=== COLLECTED MATERIAL ===
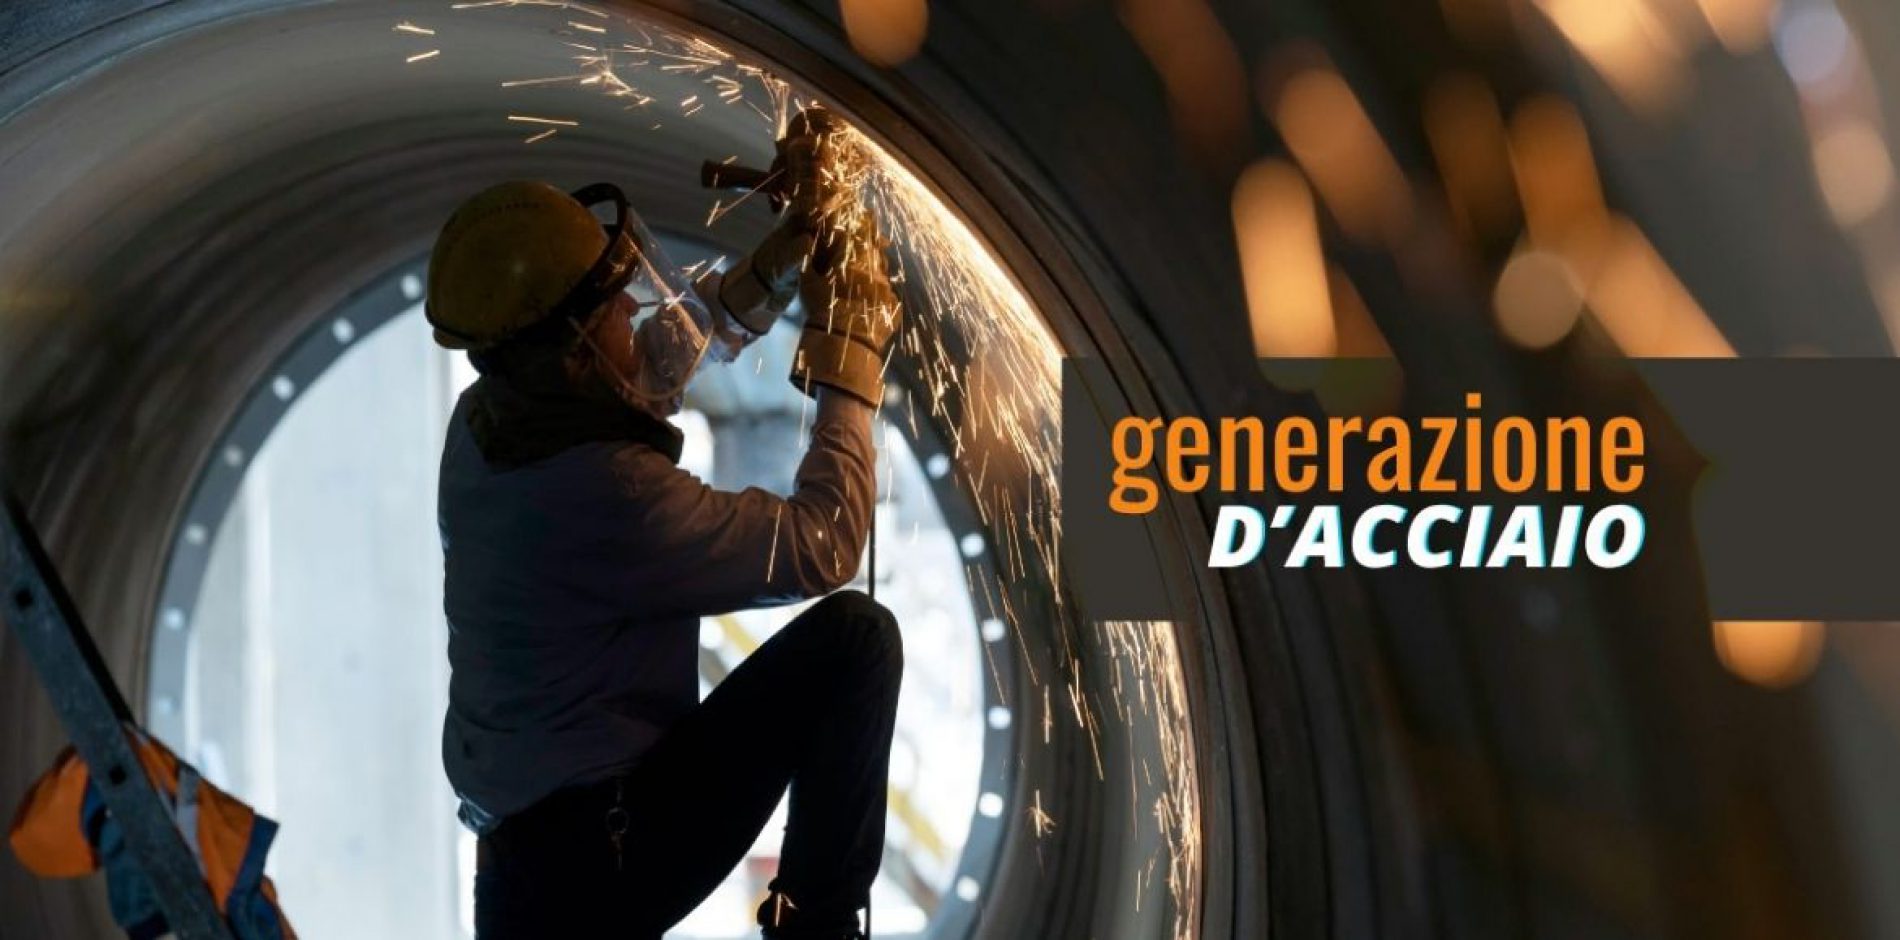 Generazione D’Acciaio – Riparte il progetto che unisce formazione gratuita e inserimento immediato
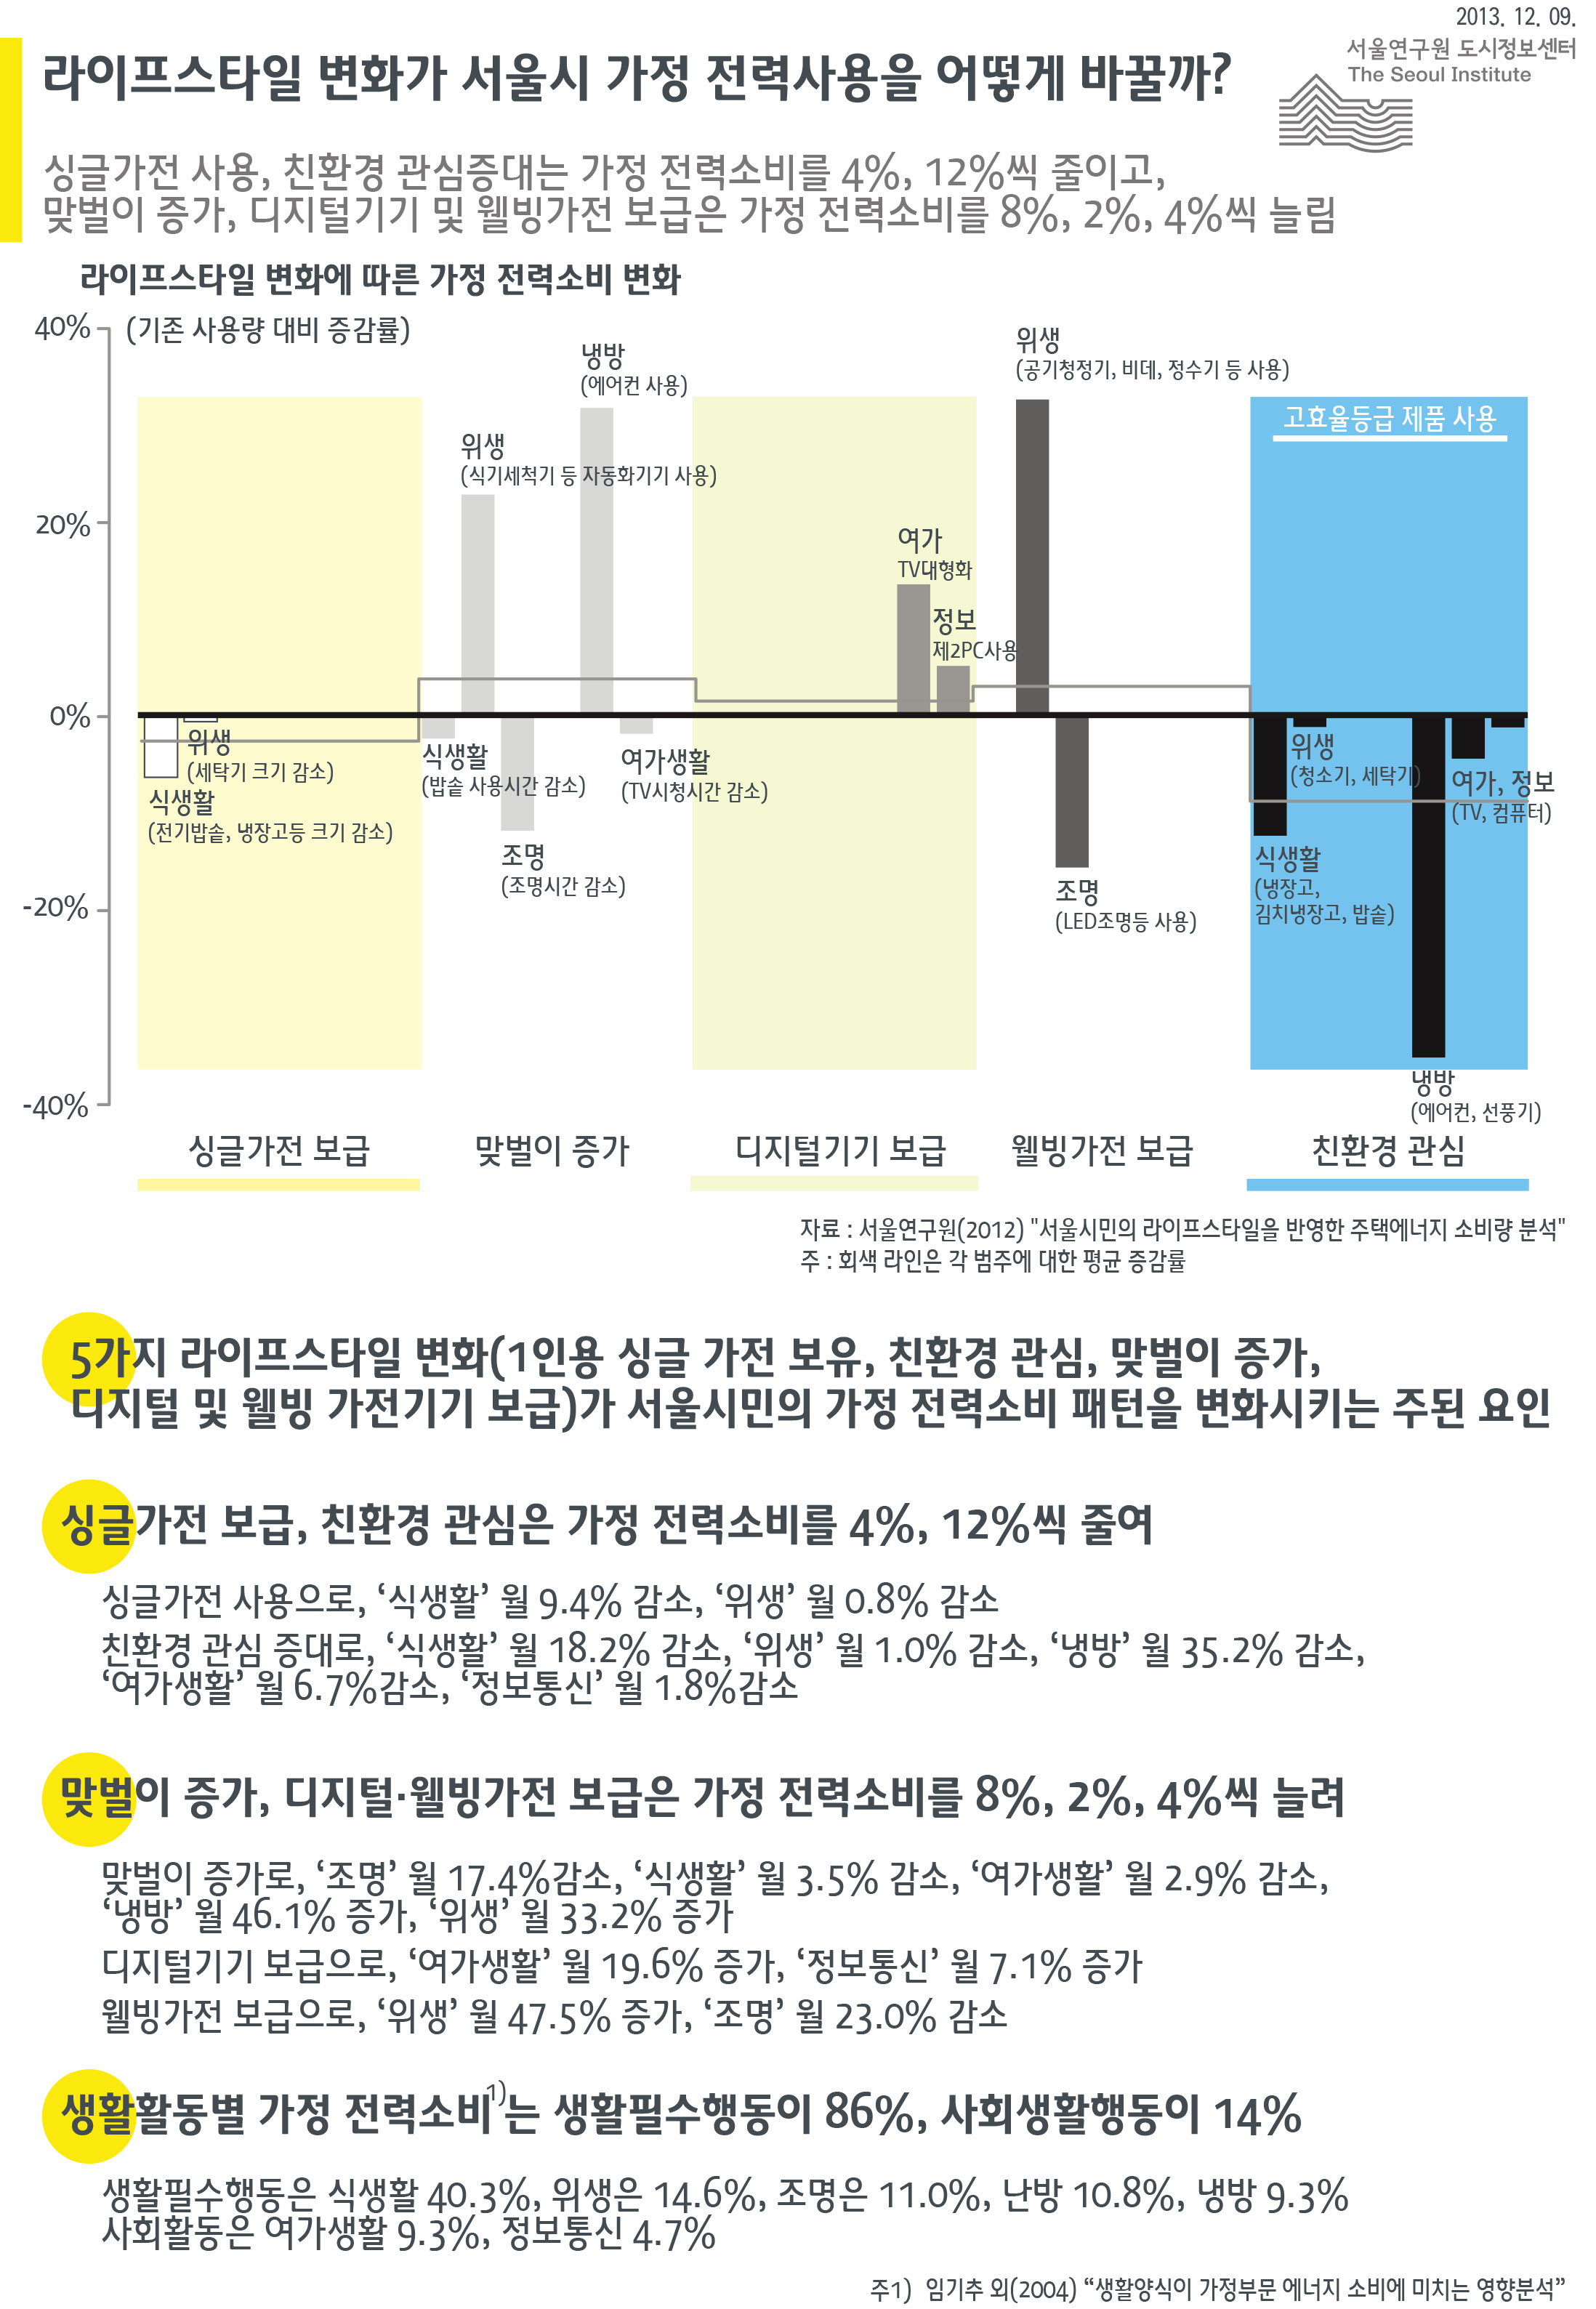 라이프스타일 변화가 서울시 가정 전력사용을 어떻게 바꿀까? 서울인포그래픽스 제63호 2013년 12월 9일 싱글가전 사용, 친환경 관심증대는 가정 전력소비를 4%, 12%씩 줄이고, 맞벌이 증가, 디지털기기 및 웰빙가전 보급은 가정 전력소비를 8%, 2%, 4%씩 늘림으로 정리될 수 있습니다. 인포그래픽으로 제공되는 그래픽은 하단에 표로 자세히 제공됩니다.
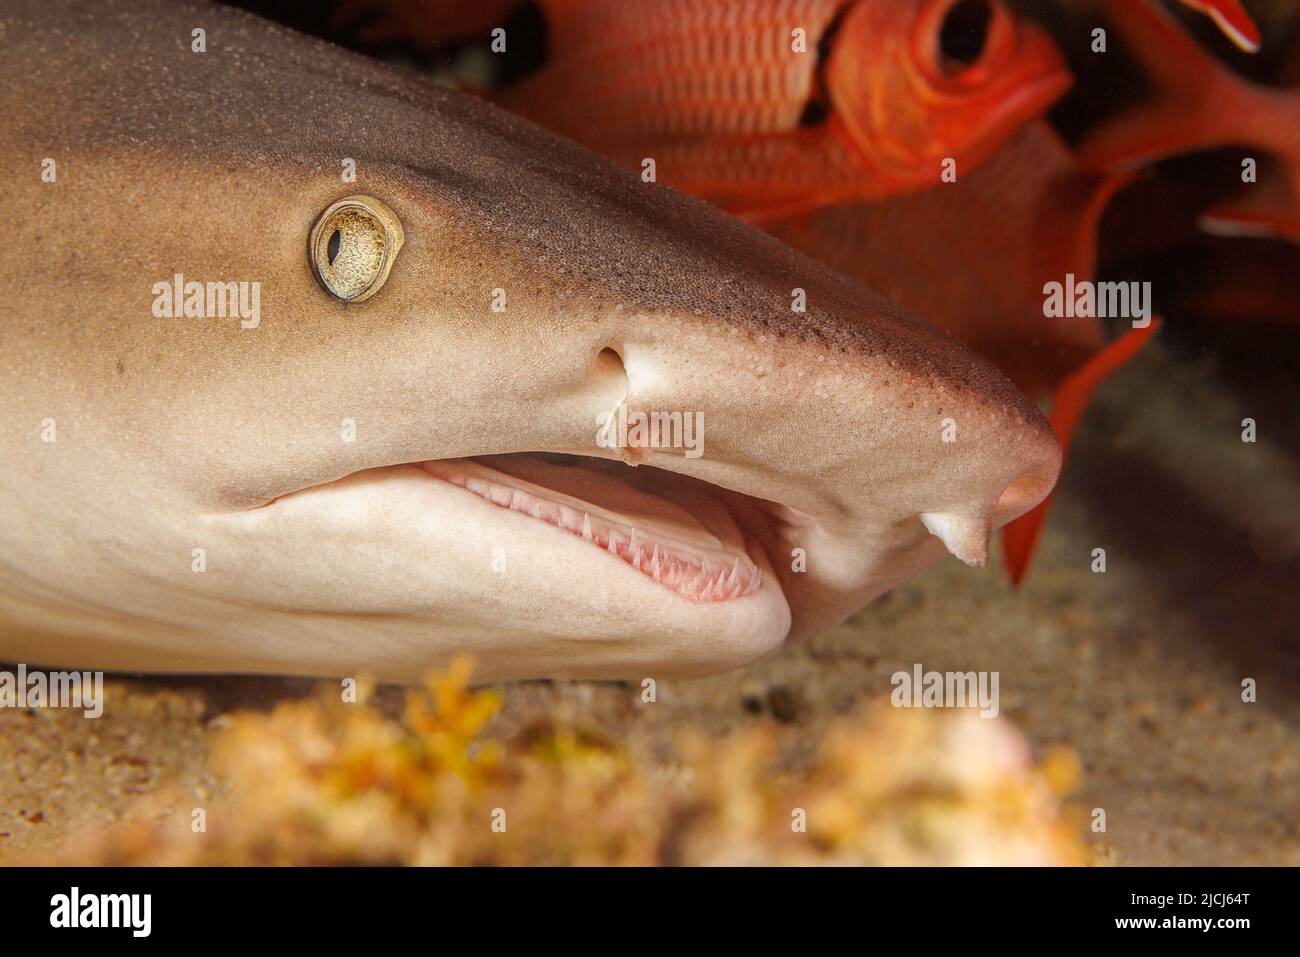 Whitetip gli squali, Triaenodon obesus, sono una delle poche specie di squali che possono sostare e riposare sul fondo, Hawaii. Foto Stock
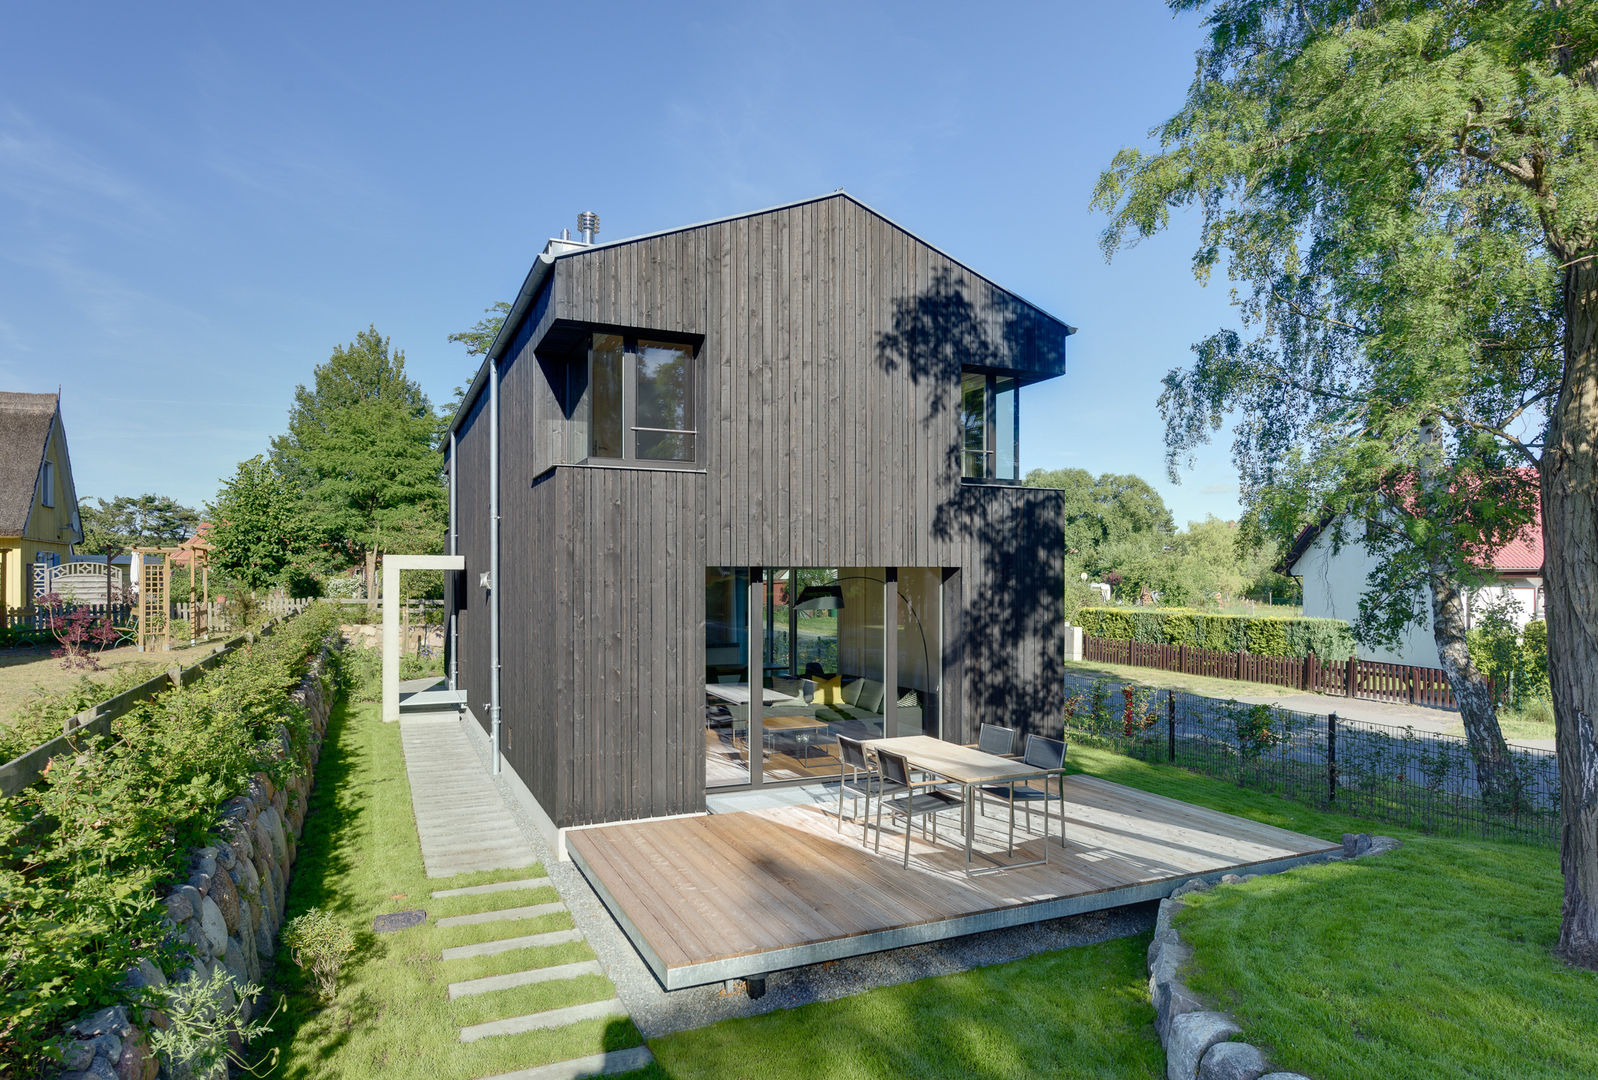 Modernes Ferienwohnhaus in Anlehnung an ein traditionelles Drempelhaus, Möhring Architekten Möhring Architekten Telhados de duas águas

=== WHAT YOU NEED TO DO ===
Could you transcribe exactly the lines running from the one with "라이프스타일 변화가 서울시" to the final line of the material above, both included, with no pictures?

=== TASK RESPONSE ===
 라이프스타일 변화가 서울시 가정 전력사용을 어떻게 바꿀까? 서울인포그래픽스 제63호 2013년 12월 9일 싱글가전 사용, 친환경 관심증대는 가정 전력소비를 4%, 12%씩 줄이고, 맞벌이 증가, 디지털기기 및 웰빙가전 보급은 가정 전력소비를 8%, 2%, 4%씩 늘림으로 정리될 수 있습니다. 인포그래픽으로 제공되는 그래픽은 하단에 표로 자세히 제공됩니다.
 Whitetip gli squali, Triaenodon obesus, sono una delle poche specie di squali che possono sostare e riposare sul fondo, Hawaii. Foto Stock
 Modernes Ferienwohnhaus in Anlehnung an ein traditionelles Drempelhaus, Möhring Architekten Möhring Architekten Telhados de duas águas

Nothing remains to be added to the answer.